Modifying factor order

It's often useful to change the order of the factor levels in a visualisation. For example, imagine you want to explore the average number of hours spent watching TV per day across religions:

 relig_summary <- gss_cat %>%
  group_by(relig) %>%
  summarise(
    age = mean(age, na.rm = TRUE),
    tvhours = mean(tvhours, na.rm = TRUE),
    n = n()
  )
#> `summarise()` ungrouping output (override with `.groups` argument)

ggplot(relig_summary, aes(tvhours, relig)) + geom_point() 

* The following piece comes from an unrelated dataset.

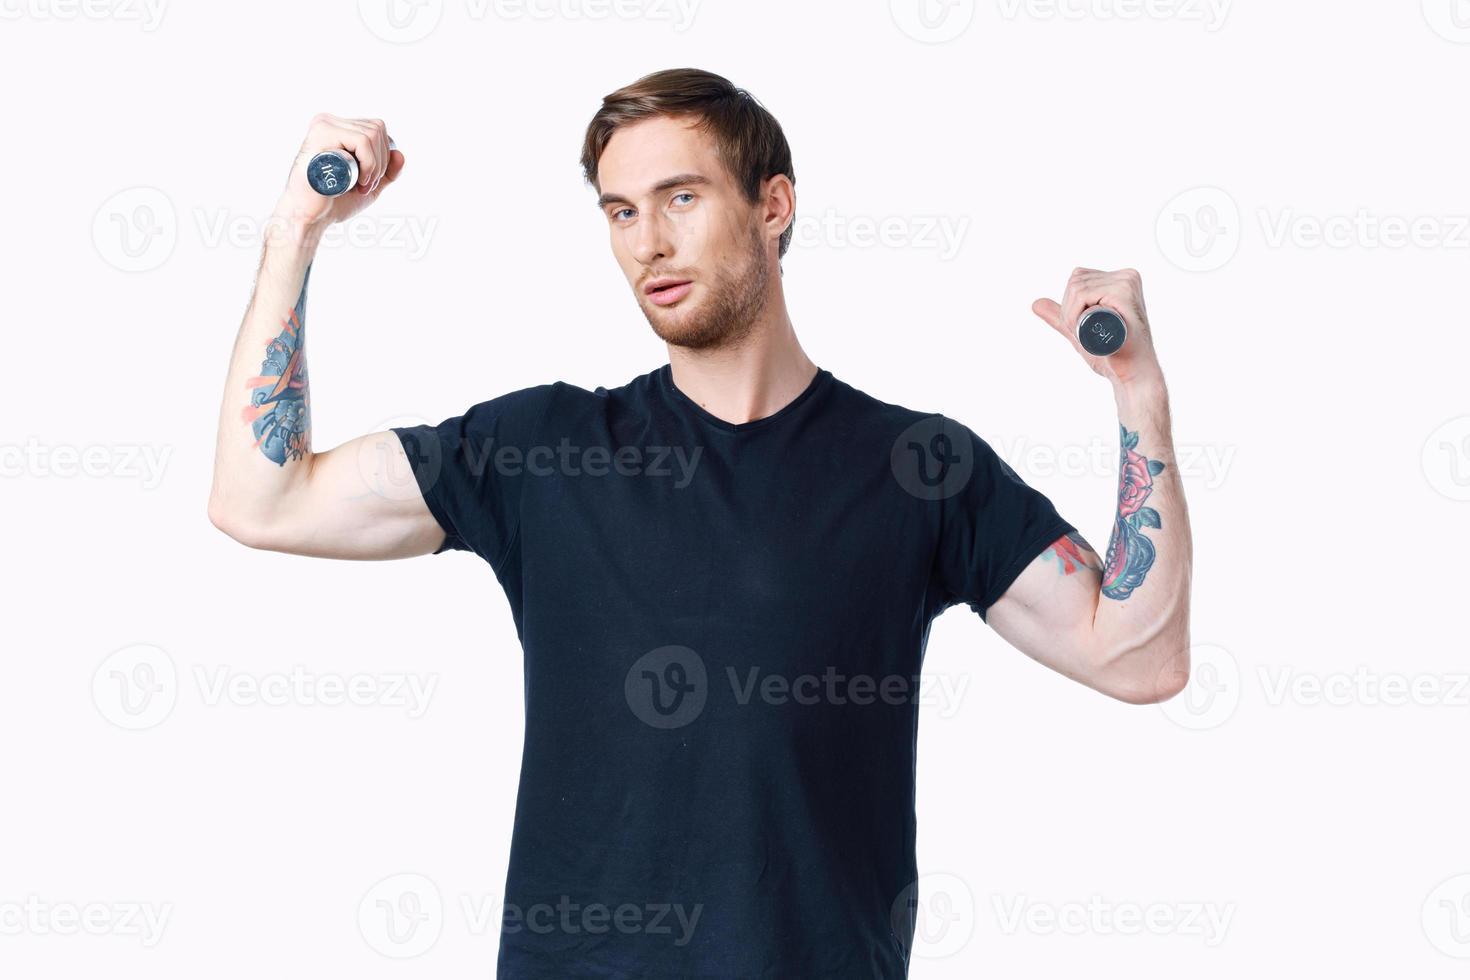 homem com halteres músculos músculos fisiculturista ginástica e tatuagem em dele braço foto

It is difficult to interpret this plot because there's no overall pattern. We can improve it by reordering the levels of relig using fct_reorder(). fct_reorder() takes three arguments:

  • f, the factor whose levels you want to modify.
  • x, a numeric vector that you want to use to reorder the levels.
  • Optionally, fun, a function that's used if there are multiple values of x for each value of f. The default value is median.
 ggplot(relig_summary, aes(tvhours, fct_reorder(relig, tvhours))) +
  geom_point() 

Reordering religion makes it much easier to see that people in the "Don't know" category watch much more TV, and Hinduism & Other Eastern religions watch much less.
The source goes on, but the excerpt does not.